**INSTRUCTIONS TO FOLLOW**
A faithful copy is required. Print each line of the data exactly and omit the pictures.

**SUPPLIED INFORMATION**
__________

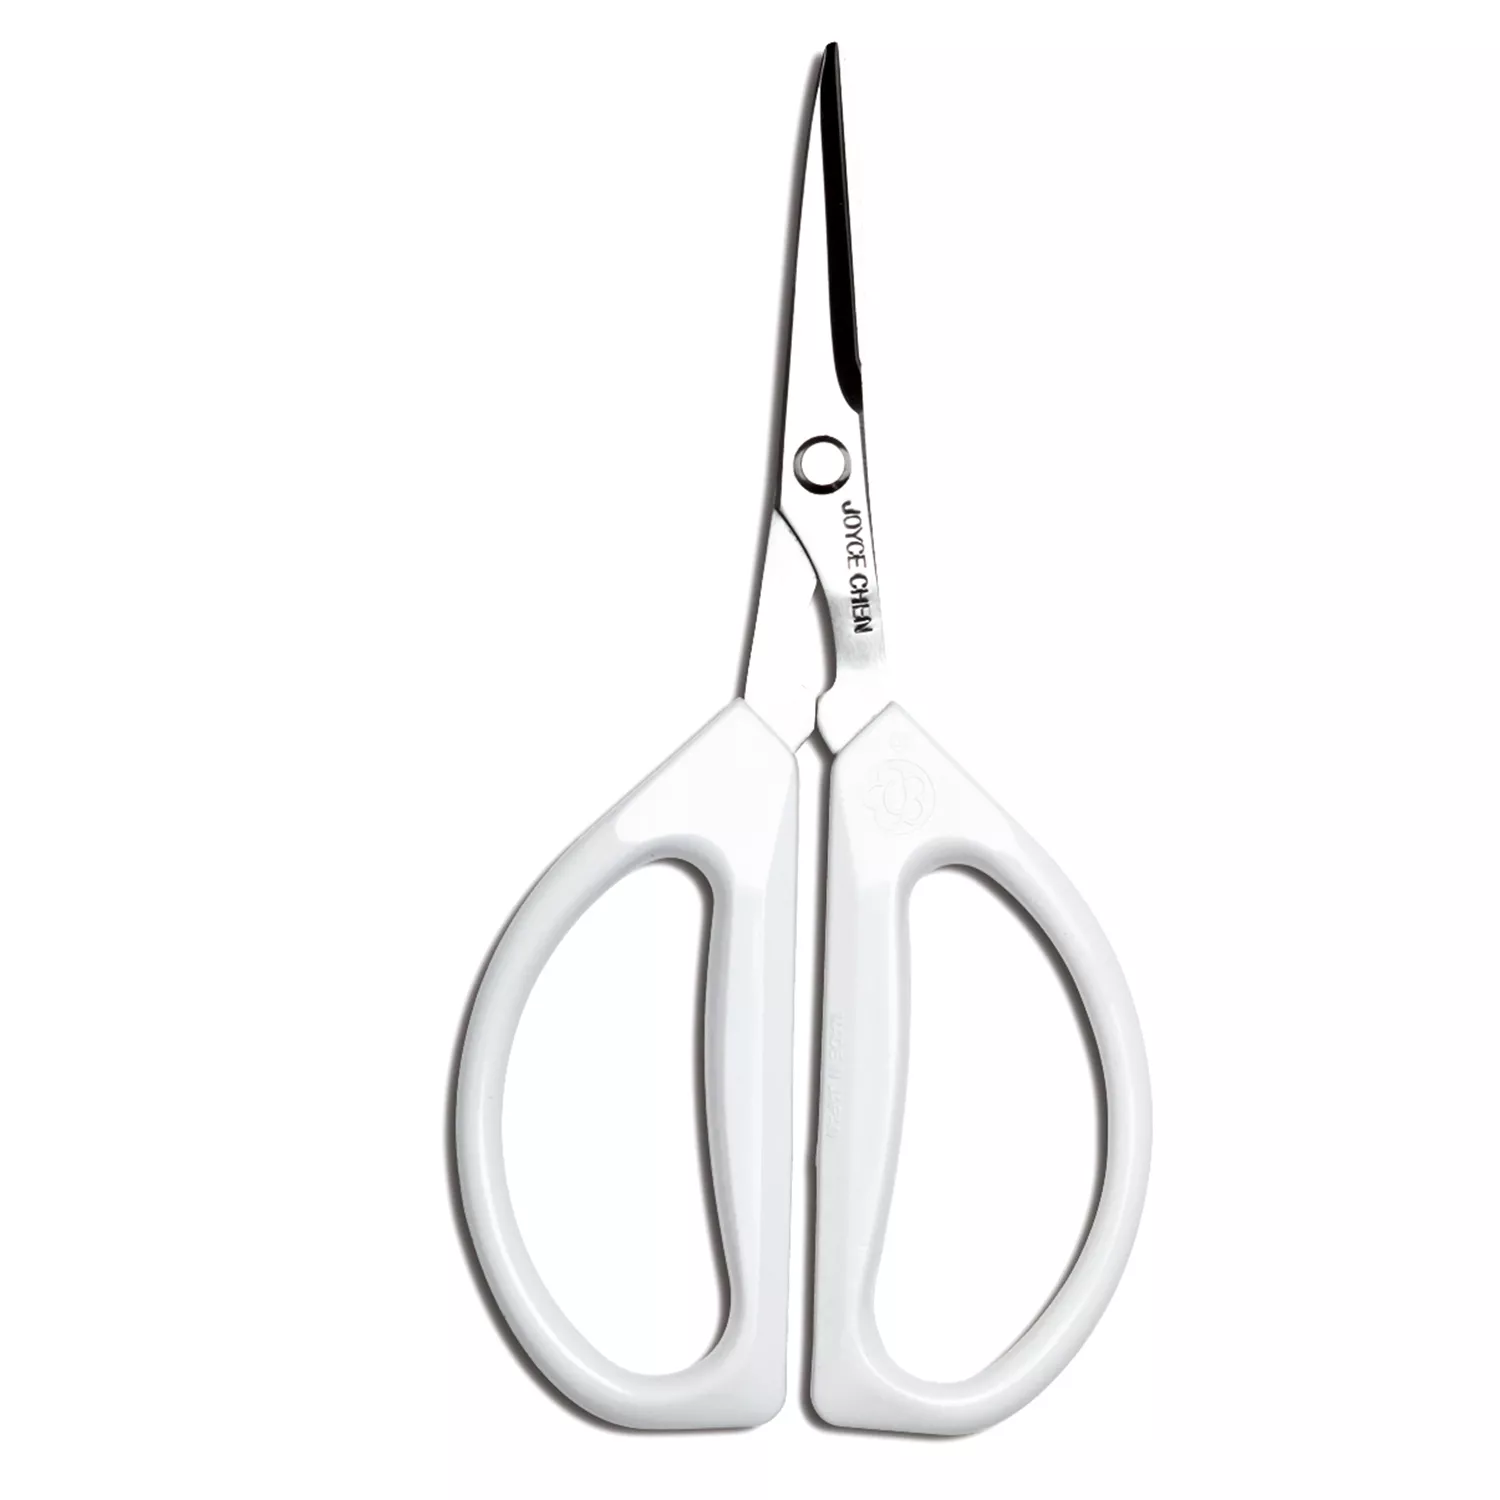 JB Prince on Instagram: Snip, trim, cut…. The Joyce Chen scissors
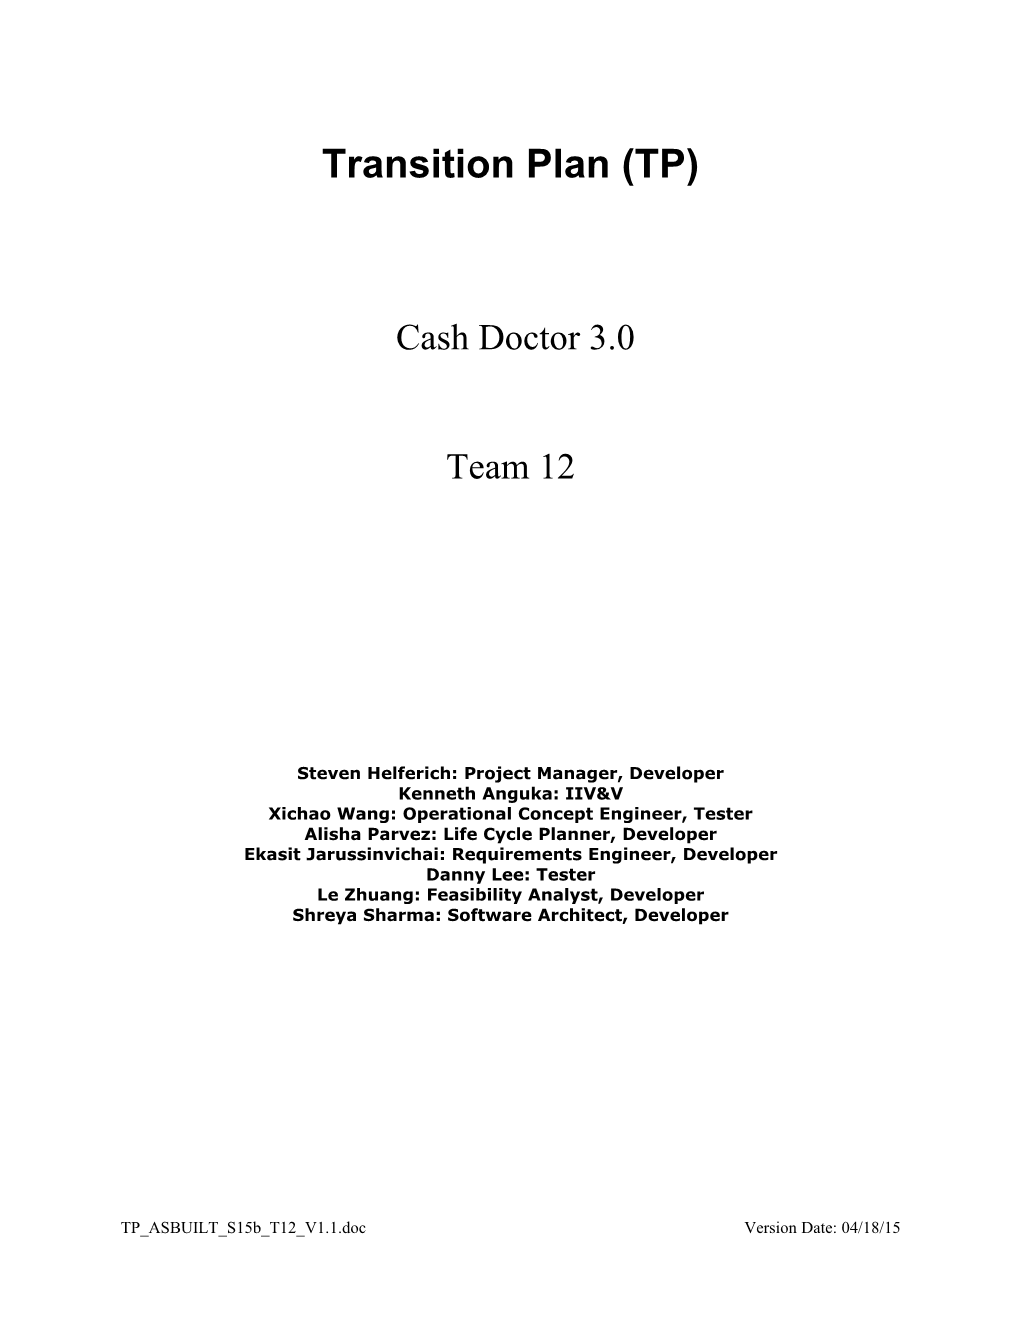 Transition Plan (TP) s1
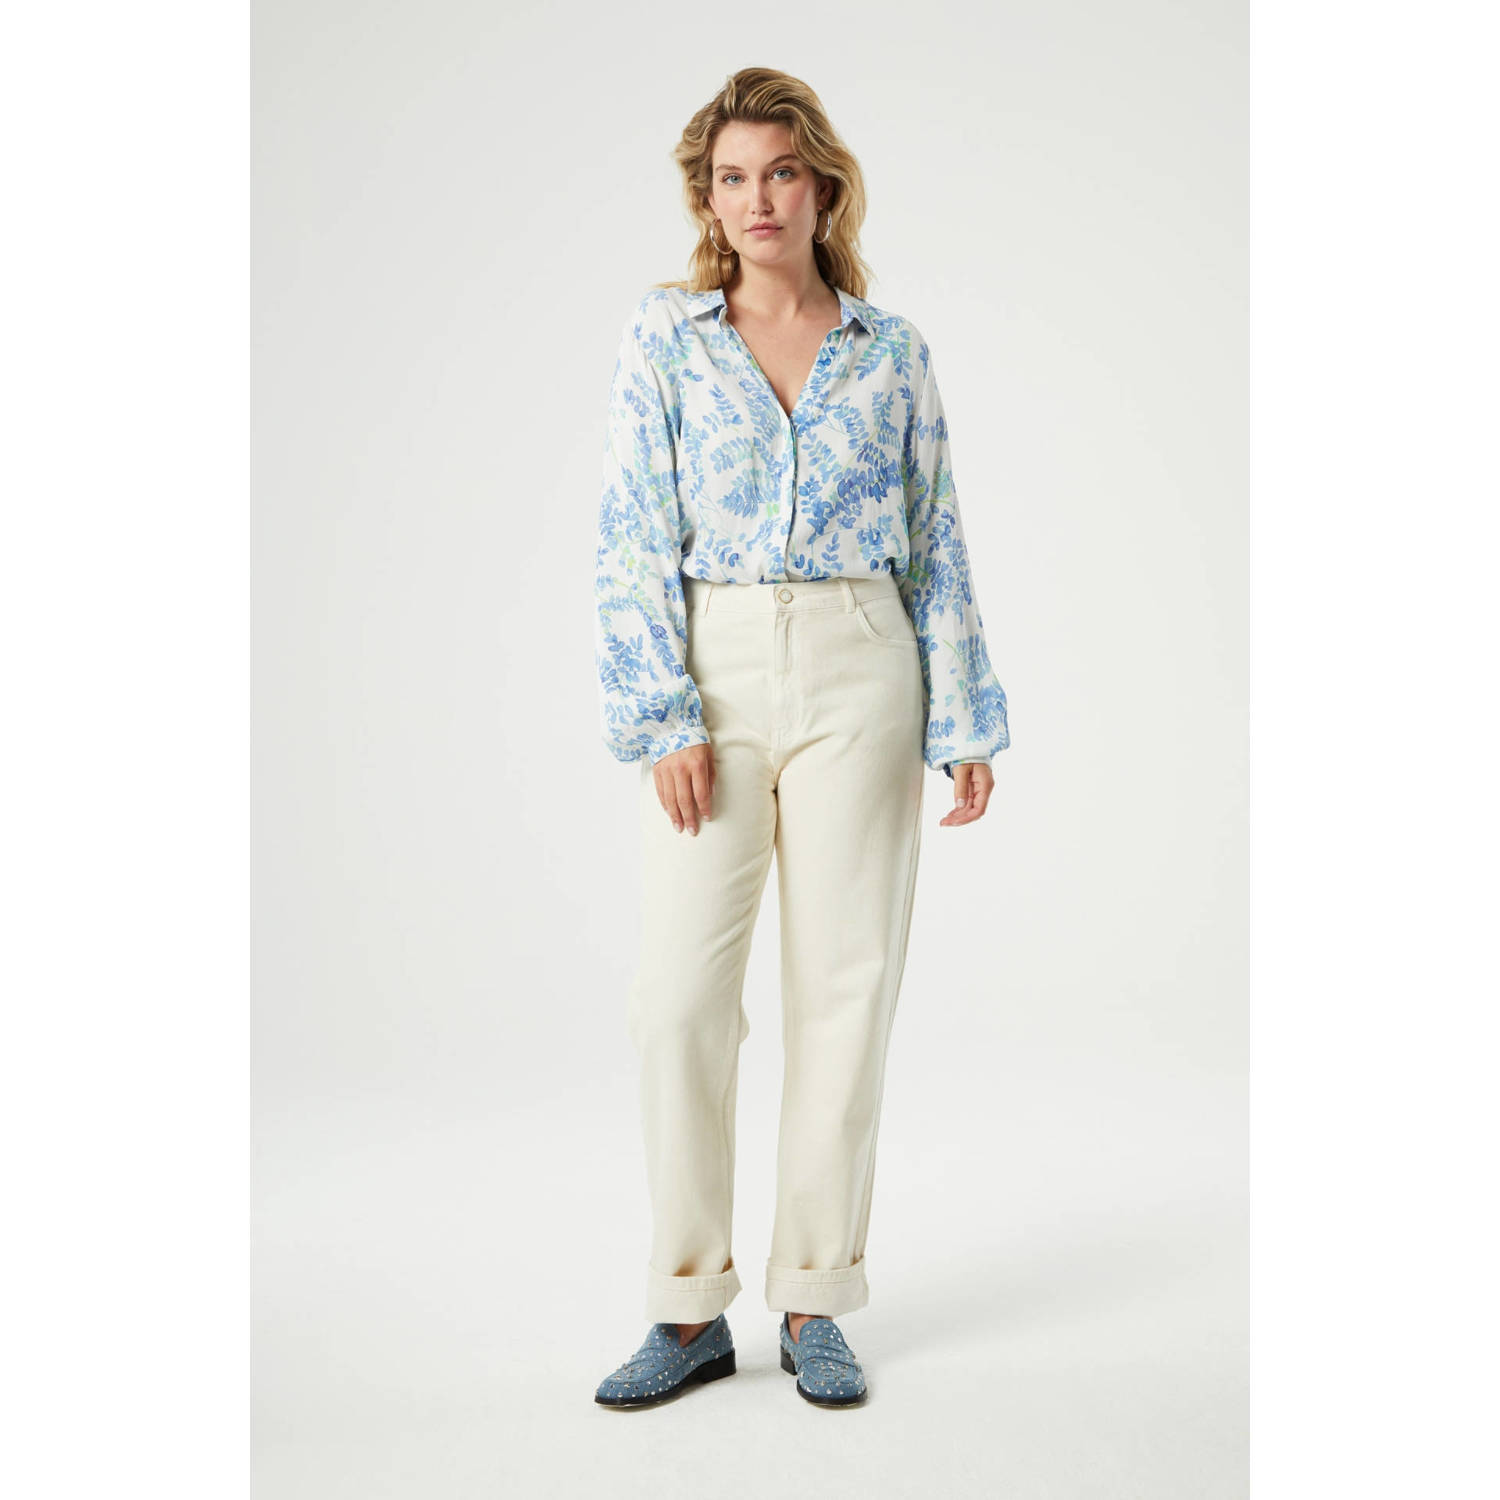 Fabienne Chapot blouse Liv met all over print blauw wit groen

__________

**RESULT**
 JB Prince on Instagram: Snip, trim, cut…. The Joyce Chen scissors
 Transition Plan (TP) s1
 Fabienne Chapot blouse Liv met all over print blauw wit groen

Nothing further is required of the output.